Grice’s Cooperation Principle and Conversational Maxims

1 Cooperation Principle

Conversational Maxims and Implicatures are the foundation of the philosopher H.P. Grice’s pragmatic account of communication. To account for the distinction between what is directly said and what is conveyed by an utterance, Grice proposed that in conversing, participants proceed according to an implicit assumption that he terms the cooperative priniciple:

“Make your conversational contribution such as is required, at the stage at which it occurs, by the accepted purpose or direction of the talk exchange in which you are engaged.”

2 Conversational Maxims

Another set of assumptions, called conversational maxims, underlie the cooperative priniple:

1.  Quality: Try to make your contribution 
        one that is true. 
(1) Do not say what you believe to be false.
(2) Do not say that for which you lack 
        adequate evidence.

2.  Quantity
(1) Make your contribution as informative as is 
        required for the current purposes of the exchange.
(2) Do not make your contribution more informative 
        than is required. 

3.  Relation: Be relevant. 

4.  Manner: Be perspicuous.
(1) Avoid obscurity of expression.
(2) Avoid ambiguity.
(3) Be brief (avoid unnecessary prolixity).
(4) Be orderly. 

3 Meanings Beyond What Is Said

Grice demonstrates that conversational participants convey meanings beyond that which is said if they assume that the other is adhering to the cooperative principle and its maxims.
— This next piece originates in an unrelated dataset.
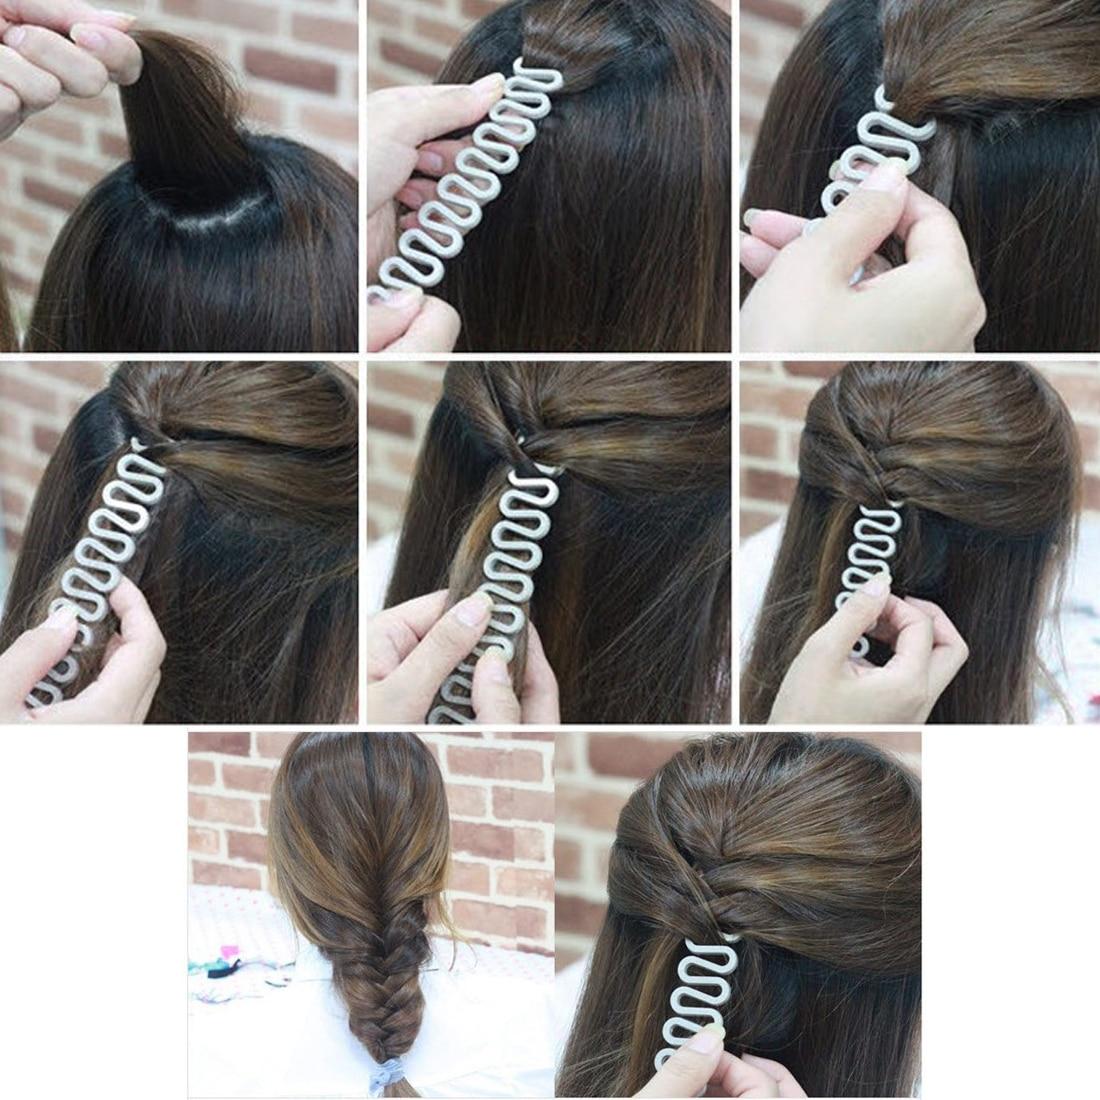 Weave Roller Band  Hair Braiding Tool Fish Bone Braider Roller Twist Styling Bun Maker /Hair Styling Hairdressing Tools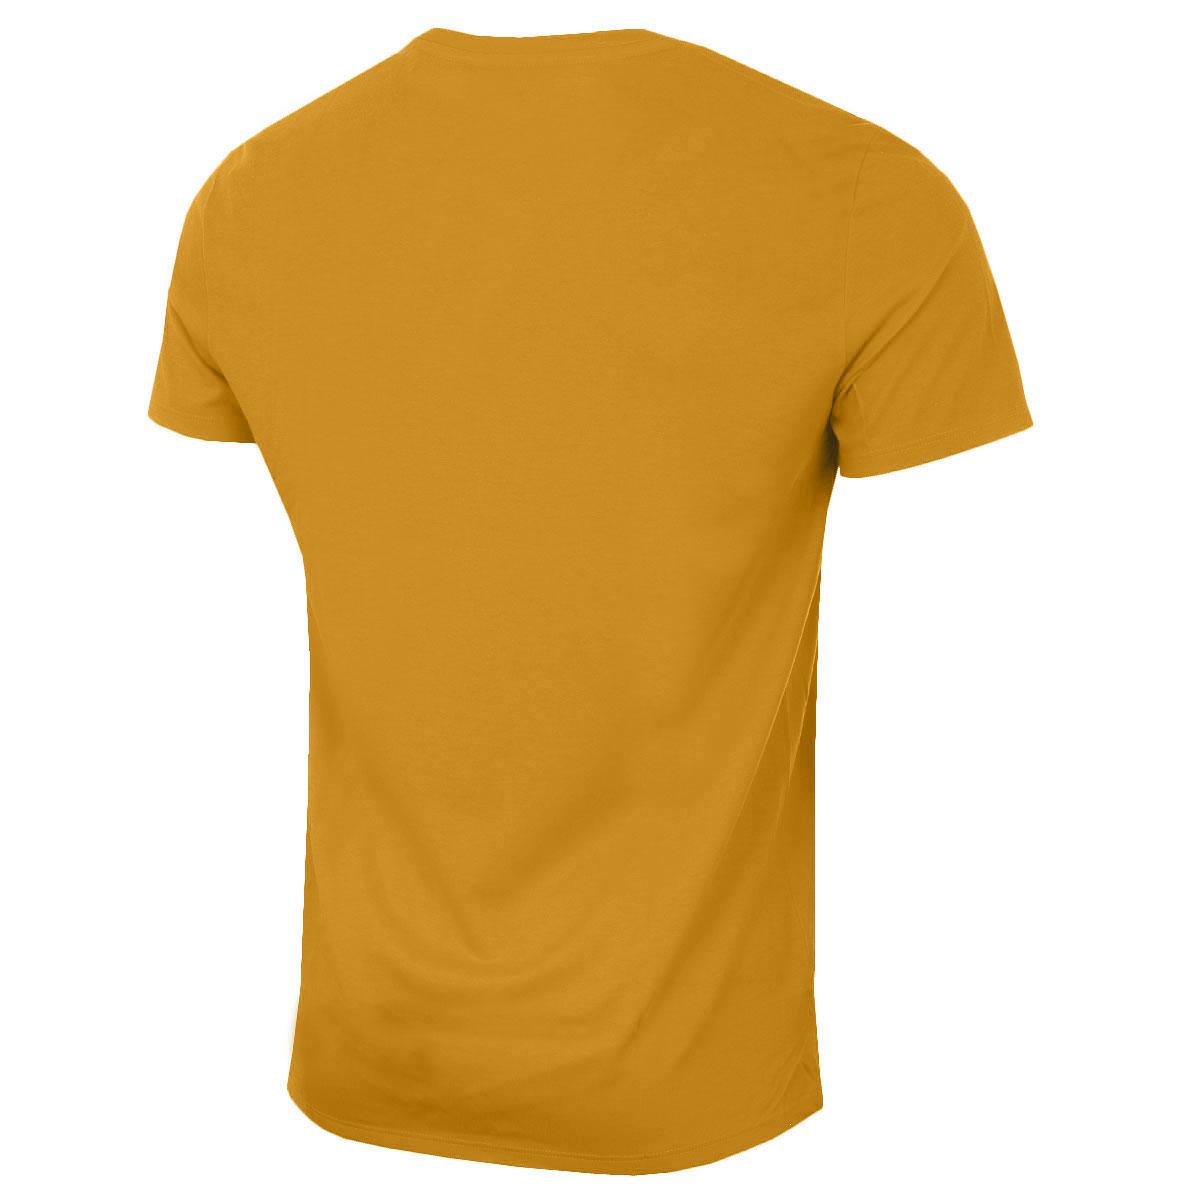 Lacoste-Mens-2019-SS-V-Neck-TH6710-Short-Sleeve-Pima-Cotton-Tee-T-Shirt thumbnail 10

Conversationalists can deal with the maxims in several ways: They can follow them, violate one of them, opt out of one of them, sacrifice one to the other if they clash, or flout them. Lying, for example, violates the maxim of quality. The maxims derive their explanatory power from what happens when behavior appears not to conform to them. Thus, as Green (1989) explains, since speakers assume that hearers adopt the cooperative principle and its maxims for interpreting speech behavior, the speaker is free to exploit it, and to speak in such a way that his behavior must be interpreted according to it. If the speaker’s remark seems irrelevant, the hearer will attempt to construct a sequence of inferences that make it relevant or at least cooperative. This exploitation of the maxims is the basic mechanism by which utterances are used to convey more than they literally denote, and Grice called it implicature.

4 A Normative Theory?

Acts of language that run counter to Grice’s Conversational Maxims are termed violations. But if we find a culture in which violations rather than the maxims are the norm, the theory loses much of its explanatory power. The violations may in fact not be violations at all, and acts in accordance with the maxims may actually become violations. Perhpas it is not a theory at all, but a normative model – an unintended prescription for using language.